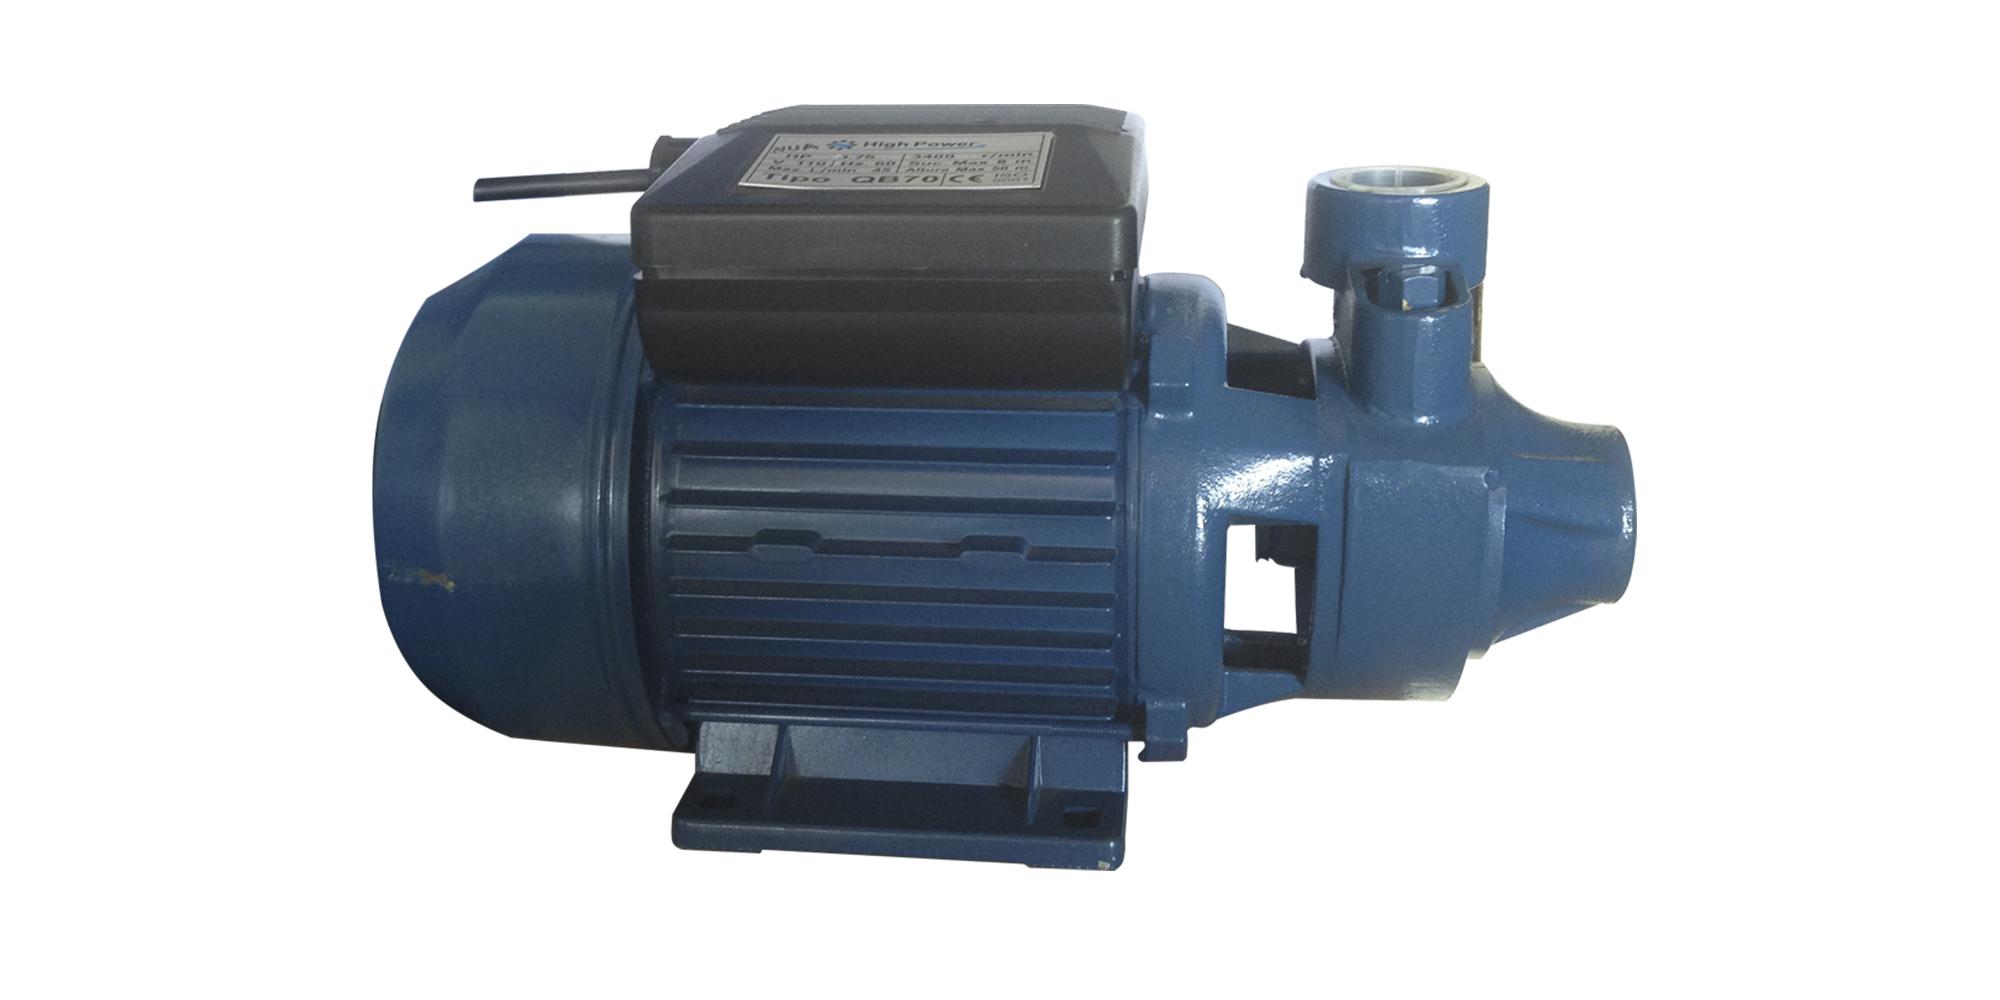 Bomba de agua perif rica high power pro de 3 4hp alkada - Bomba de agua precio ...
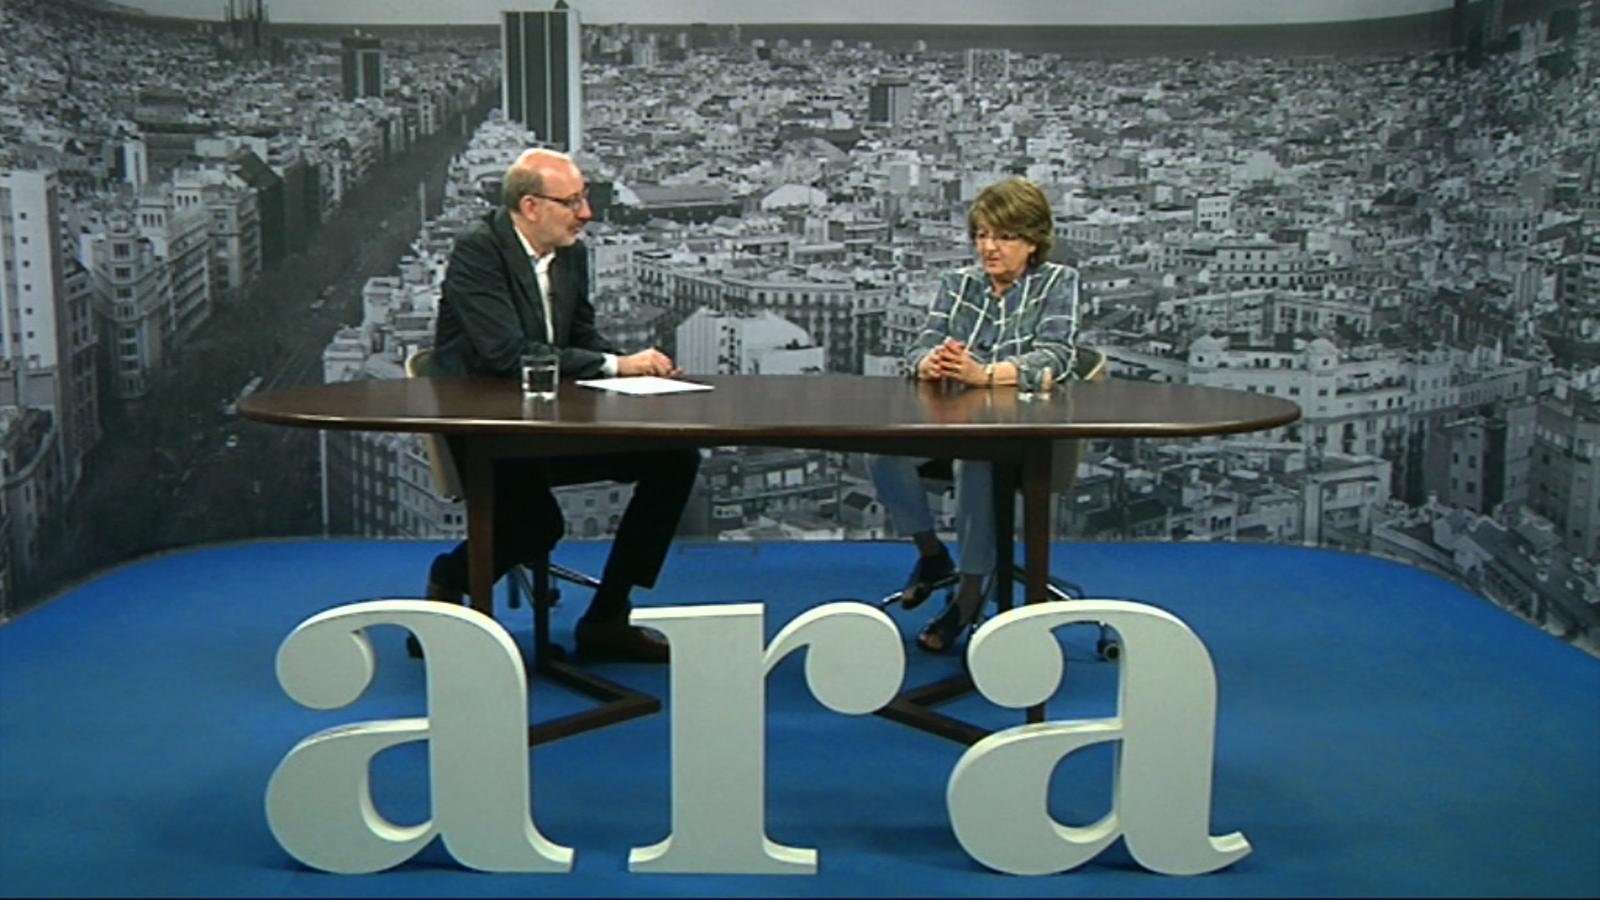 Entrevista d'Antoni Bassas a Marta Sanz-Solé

-*-*-

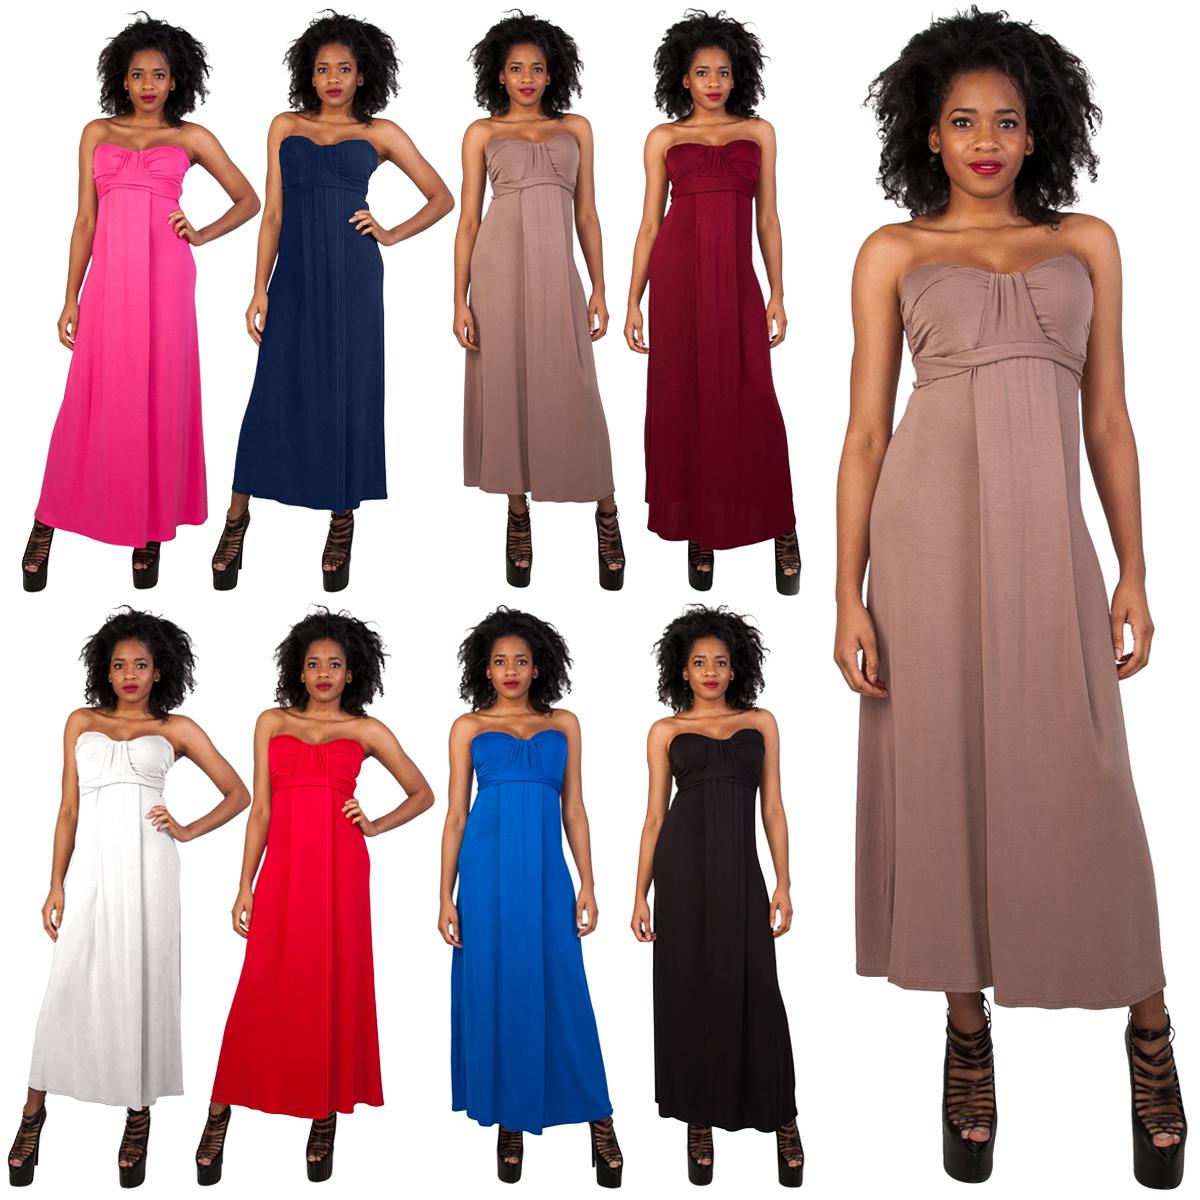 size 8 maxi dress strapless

-*-*-

In the records above, find the line with "Bomba de agua perif" and the line with "Entrevista d'Antoni Bassas a Marta Sanz-Solé". Write out exactly those lines and every one between, with no pictures and no other lines.

 Bomba de agua perif rica high power pro de 3 4hp alkada - Bomba de agua precio ...
 Entrevista d'Antoni Bassas a Marta Sanz-Solé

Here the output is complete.